[Data in this exercise — start]

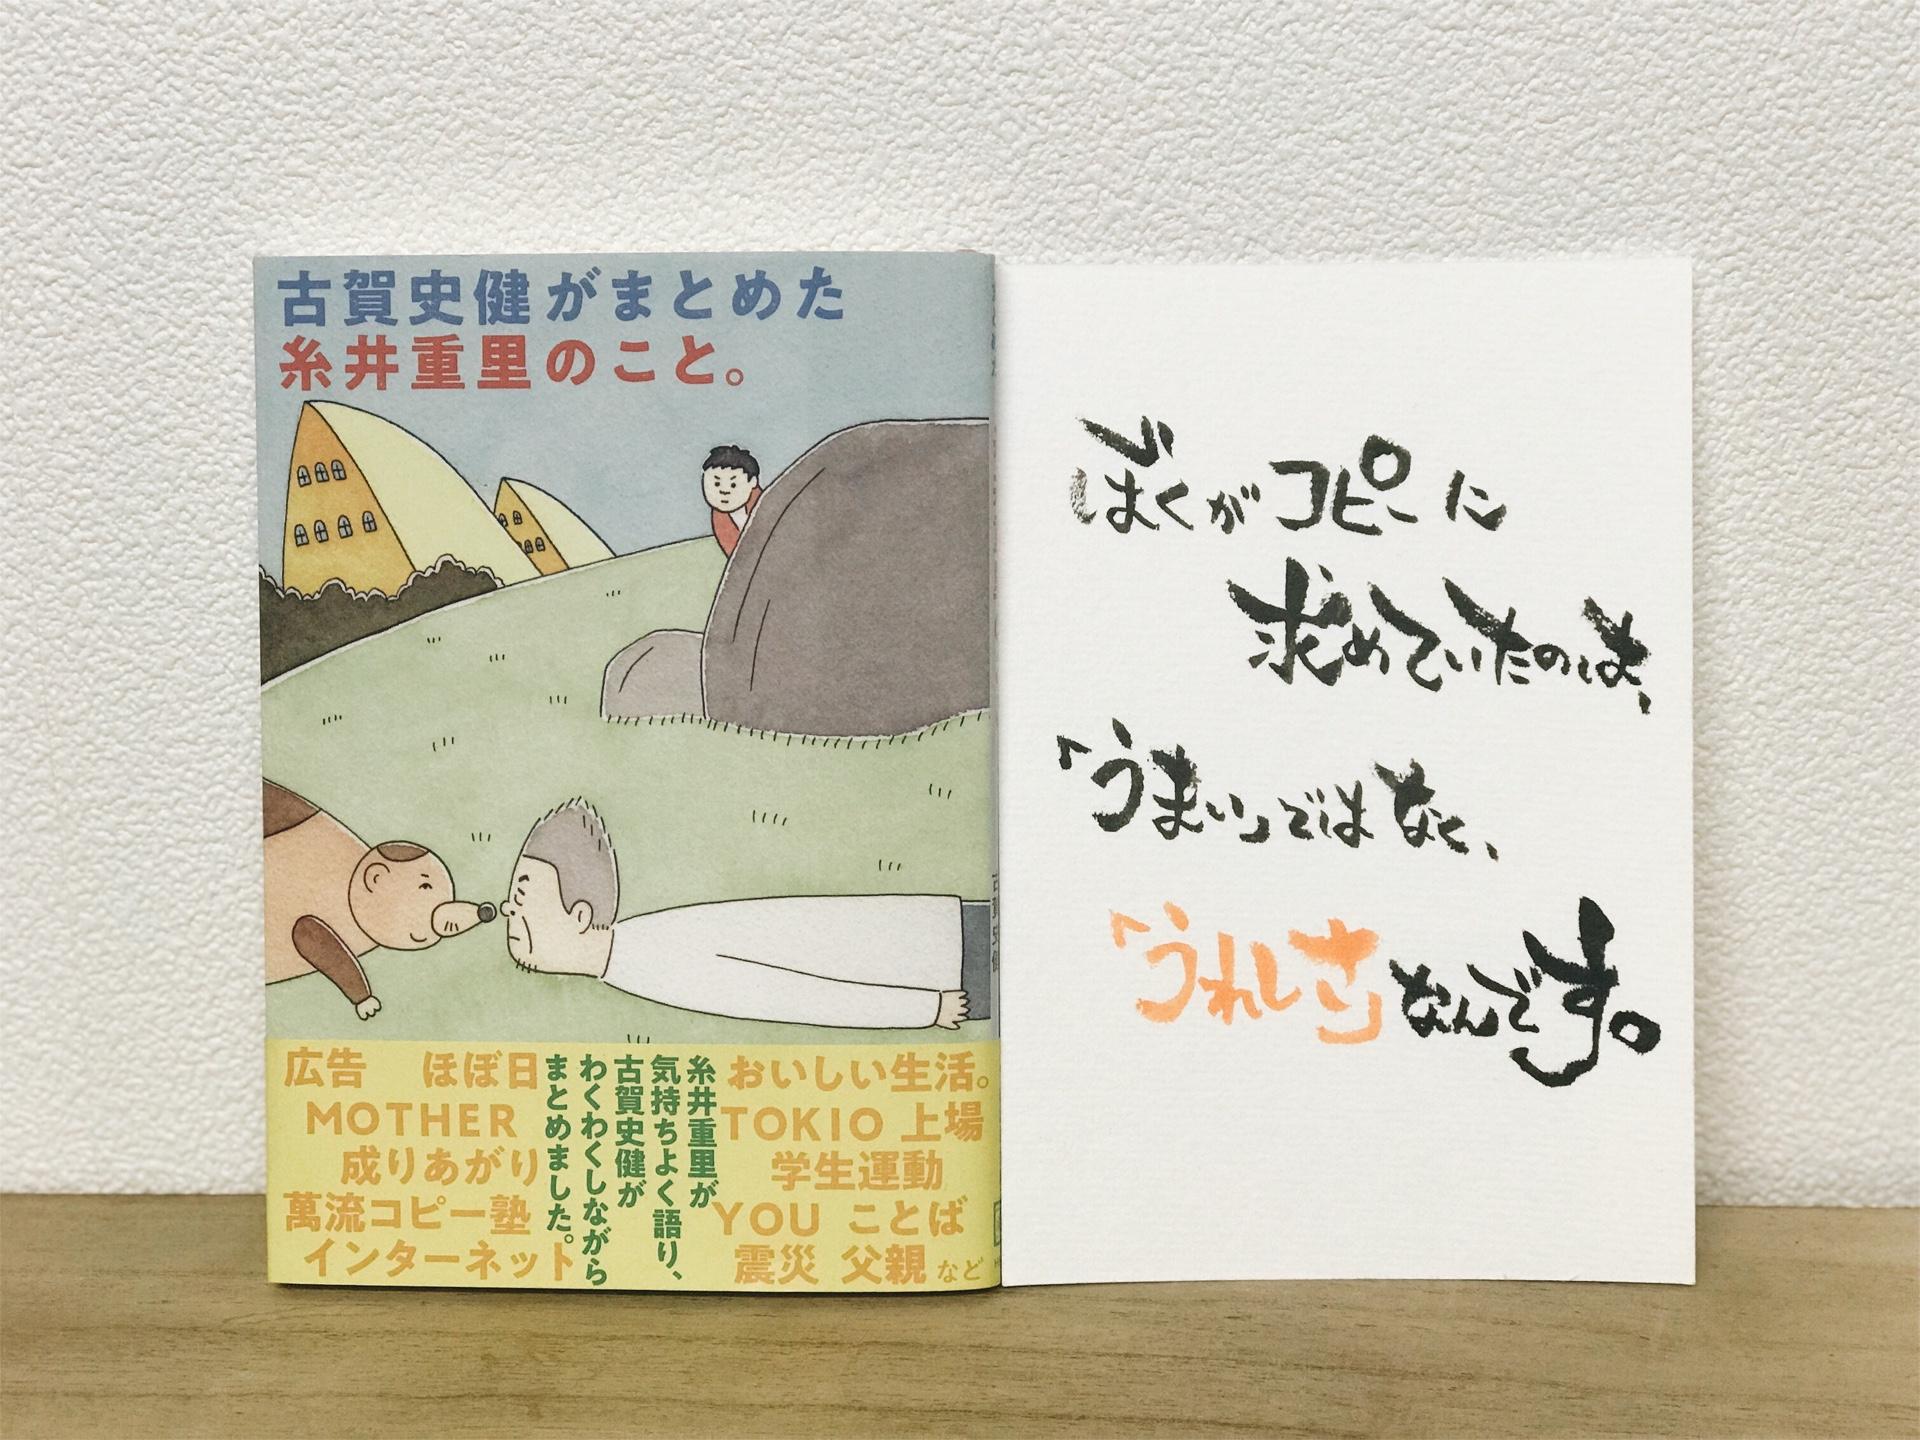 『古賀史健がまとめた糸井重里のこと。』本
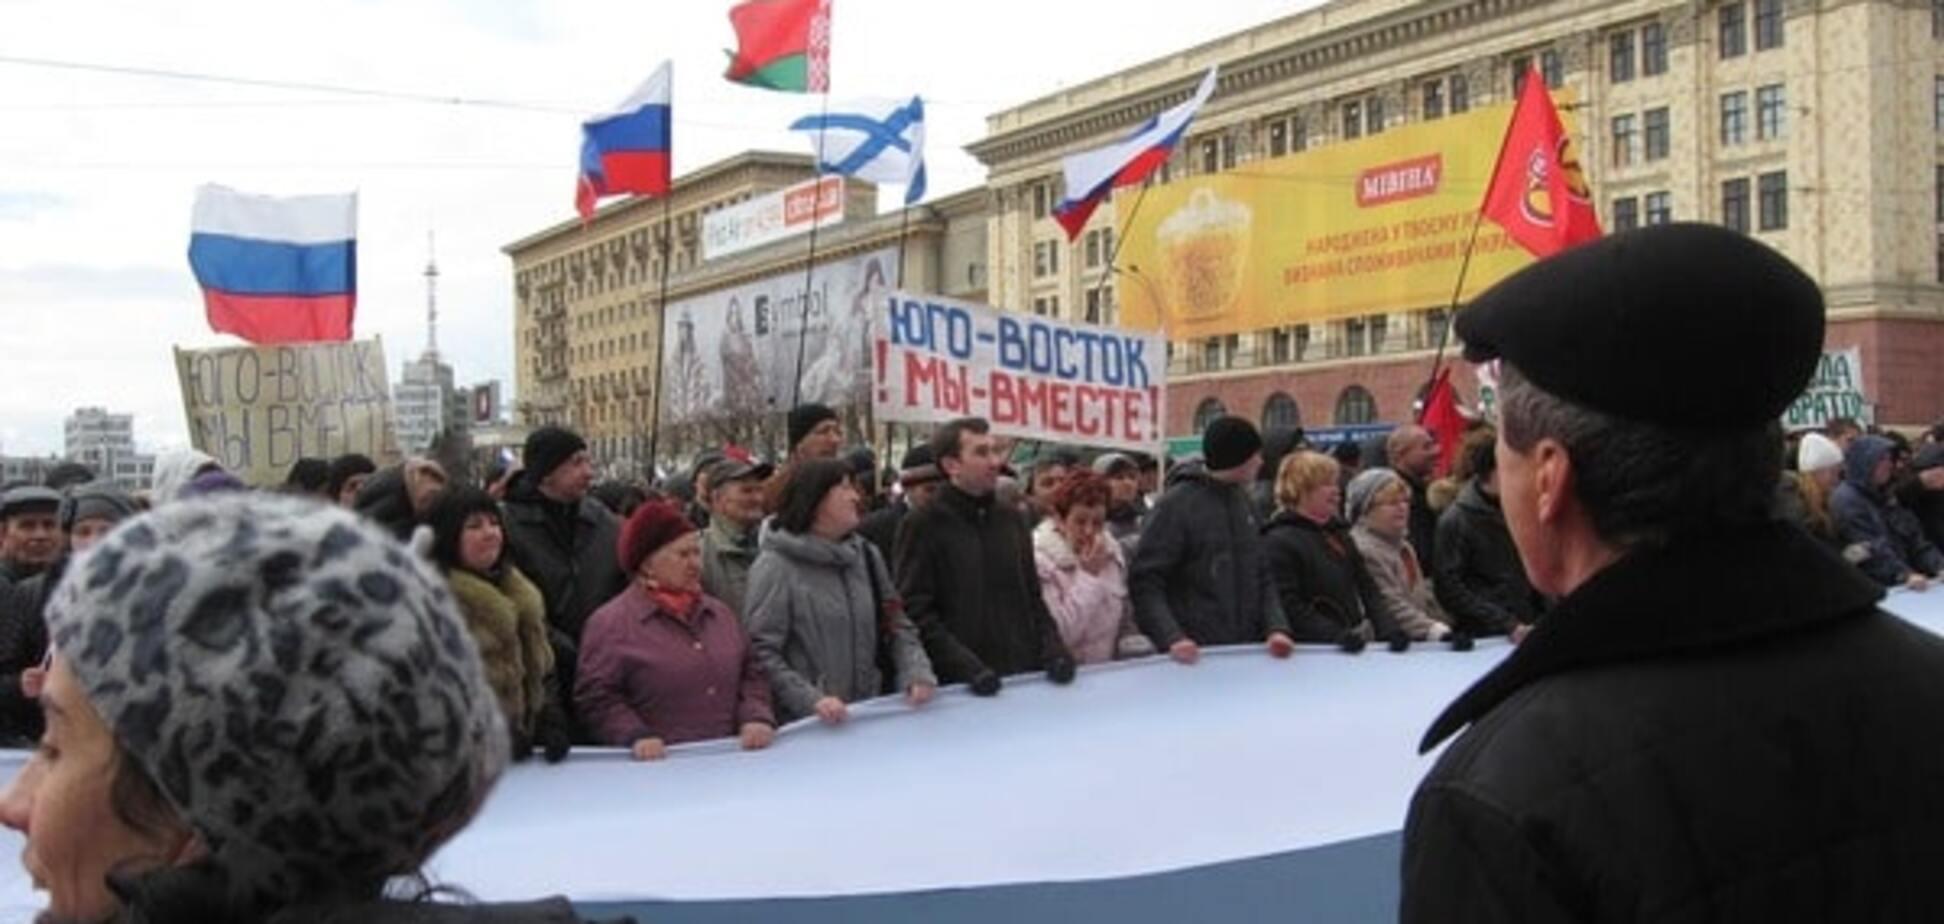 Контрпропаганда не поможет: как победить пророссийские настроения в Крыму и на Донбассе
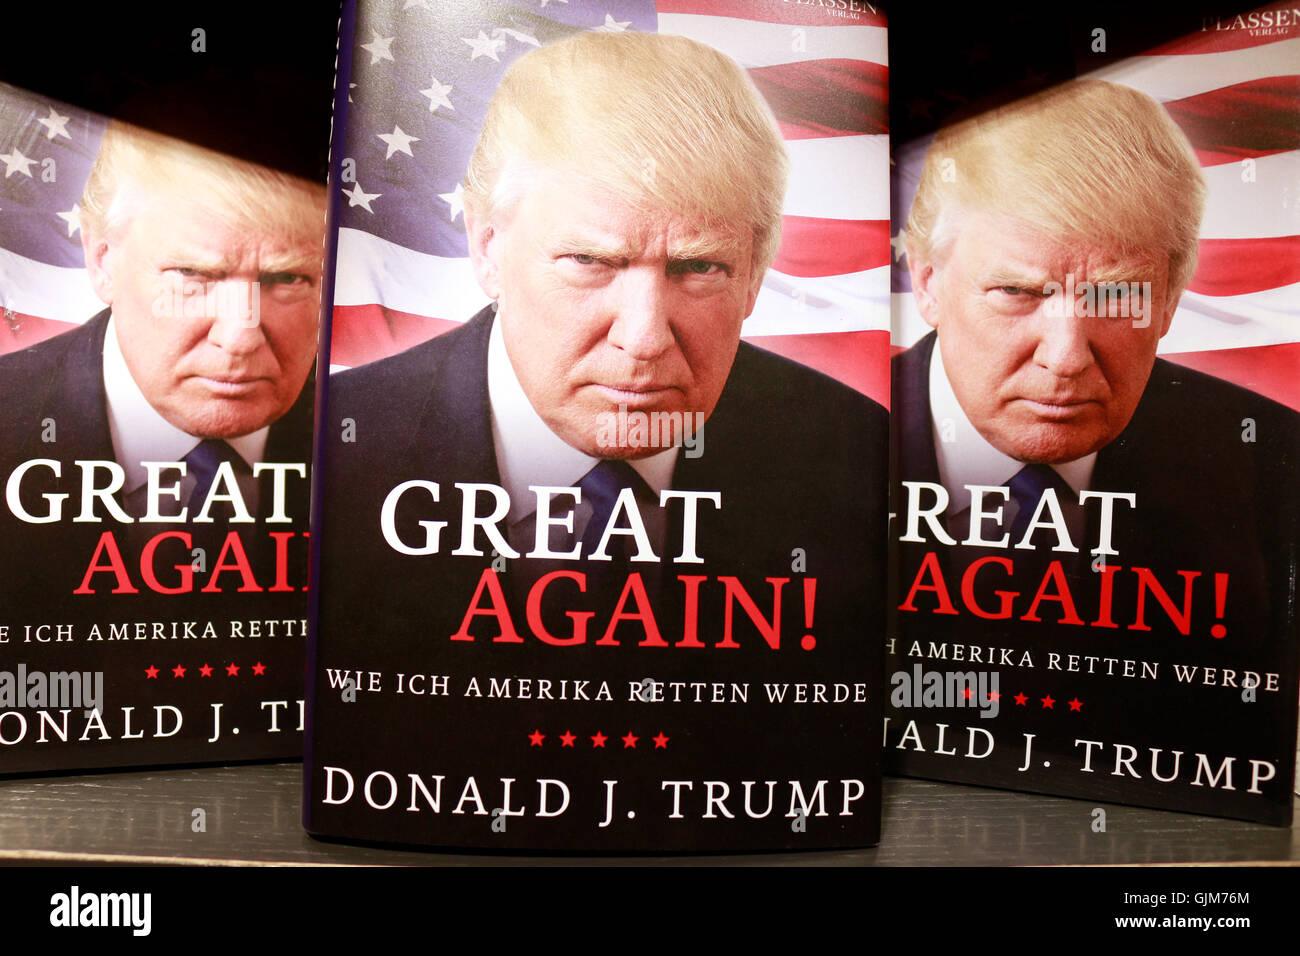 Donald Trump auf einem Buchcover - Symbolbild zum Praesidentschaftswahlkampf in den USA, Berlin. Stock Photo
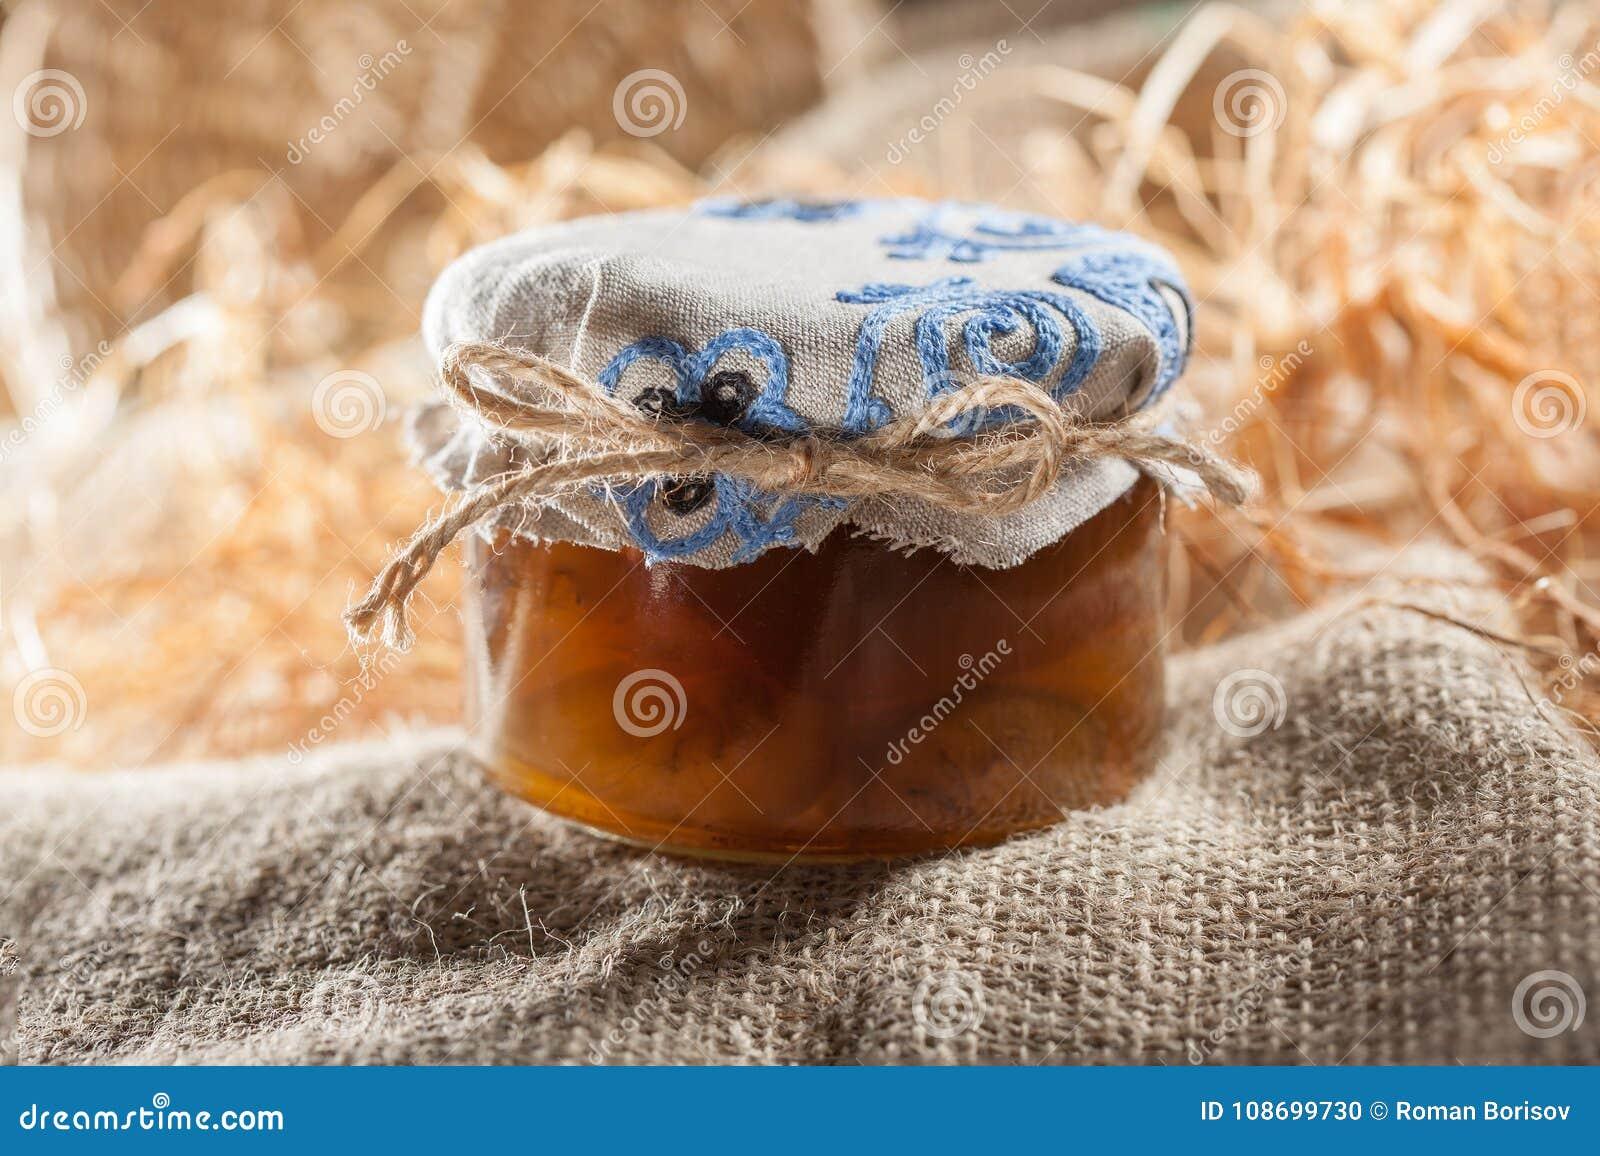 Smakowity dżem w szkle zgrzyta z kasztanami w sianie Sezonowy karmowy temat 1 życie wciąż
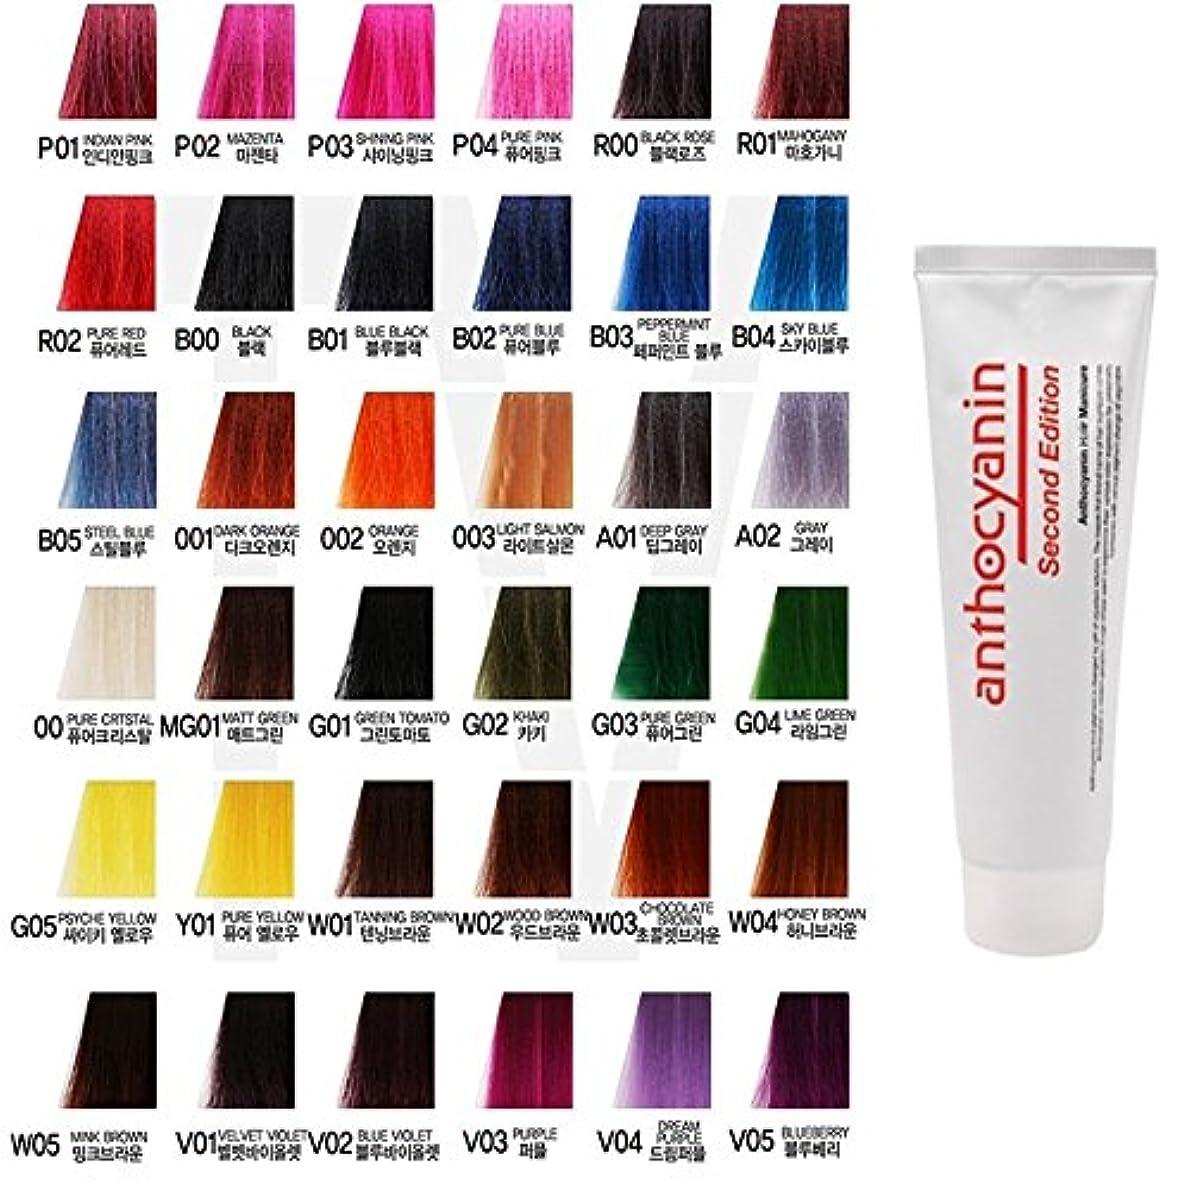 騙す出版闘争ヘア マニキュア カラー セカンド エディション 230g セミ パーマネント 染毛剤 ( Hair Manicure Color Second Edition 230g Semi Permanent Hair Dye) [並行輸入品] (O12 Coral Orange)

[Data in this exercise — finish]

The problem: Everything in the records goes into your answer exactly, except the pictures.

Exercise solution:
 『古賀史健がまとめた糸井重里のこと。』本
 Контрпропаганда не поможет: как победить пророссийские настроения в Крыму и на Донбассе
 Donald Trump auf einem Buchcover - Symbolbild zum Praesidentschaftswahlkampf in den USA, Berlin. Stock Photo
 Smakowity dżem w szkle zgrzyta z kasztanami w sianie Sezonowy karmowy temat 1 życie wciąż
 騙す出版闘争ヘア マニキュア カラー セカンド エディション 230g セミ パーマネント 染毛剤 ( Hair Manicure Color Second Edition 230g Semi Permanent Hair Dye) [並行輸入品] (O12 Coral Orange)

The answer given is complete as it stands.